:: Stored data ::
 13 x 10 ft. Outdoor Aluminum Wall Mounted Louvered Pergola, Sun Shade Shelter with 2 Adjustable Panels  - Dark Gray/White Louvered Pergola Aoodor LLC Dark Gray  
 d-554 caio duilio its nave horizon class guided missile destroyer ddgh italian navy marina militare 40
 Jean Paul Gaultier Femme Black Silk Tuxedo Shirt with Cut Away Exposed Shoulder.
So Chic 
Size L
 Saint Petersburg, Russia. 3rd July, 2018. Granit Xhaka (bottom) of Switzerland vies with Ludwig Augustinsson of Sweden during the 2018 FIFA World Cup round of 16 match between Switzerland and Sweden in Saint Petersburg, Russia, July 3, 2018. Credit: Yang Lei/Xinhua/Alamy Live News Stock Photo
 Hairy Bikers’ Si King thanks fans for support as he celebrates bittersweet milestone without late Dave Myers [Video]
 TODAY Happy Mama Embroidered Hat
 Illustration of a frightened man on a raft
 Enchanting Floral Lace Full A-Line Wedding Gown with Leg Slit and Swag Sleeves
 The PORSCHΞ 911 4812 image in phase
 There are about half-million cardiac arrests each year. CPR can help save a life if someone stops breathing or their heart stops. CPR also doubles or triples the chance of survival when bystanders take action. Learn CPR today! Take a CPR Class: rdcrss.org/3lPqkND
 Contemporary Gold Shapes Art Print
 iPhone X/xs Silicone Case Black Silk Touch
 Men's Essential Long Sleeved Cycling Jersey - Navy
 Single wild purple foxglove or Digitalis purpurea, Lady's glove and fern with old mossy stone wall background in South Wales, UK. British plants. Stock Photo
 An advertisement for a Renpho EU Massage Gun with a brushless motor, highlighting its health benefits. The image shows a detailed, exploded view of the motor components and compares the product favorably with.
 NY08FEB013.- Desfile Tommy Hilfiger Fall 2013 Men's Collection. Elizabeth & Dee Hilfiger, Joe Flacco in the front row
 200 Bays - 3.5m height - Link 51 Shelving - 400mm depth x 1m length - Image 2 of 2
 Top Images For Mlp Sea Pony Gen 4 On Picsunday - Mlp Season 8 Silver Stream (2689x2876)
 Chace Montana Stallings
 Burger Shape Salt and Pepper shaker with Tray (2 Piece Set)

:: What is required ::
Look over the records above and filter for each line with the word "Silk".

:: Answer ::
 Jean Paul Gaultier Femme Black Silk Tuxedo Shirt with Cut Away Exposed Shoulder.
 iPhone X/xs Silicone Case Black Silk Touch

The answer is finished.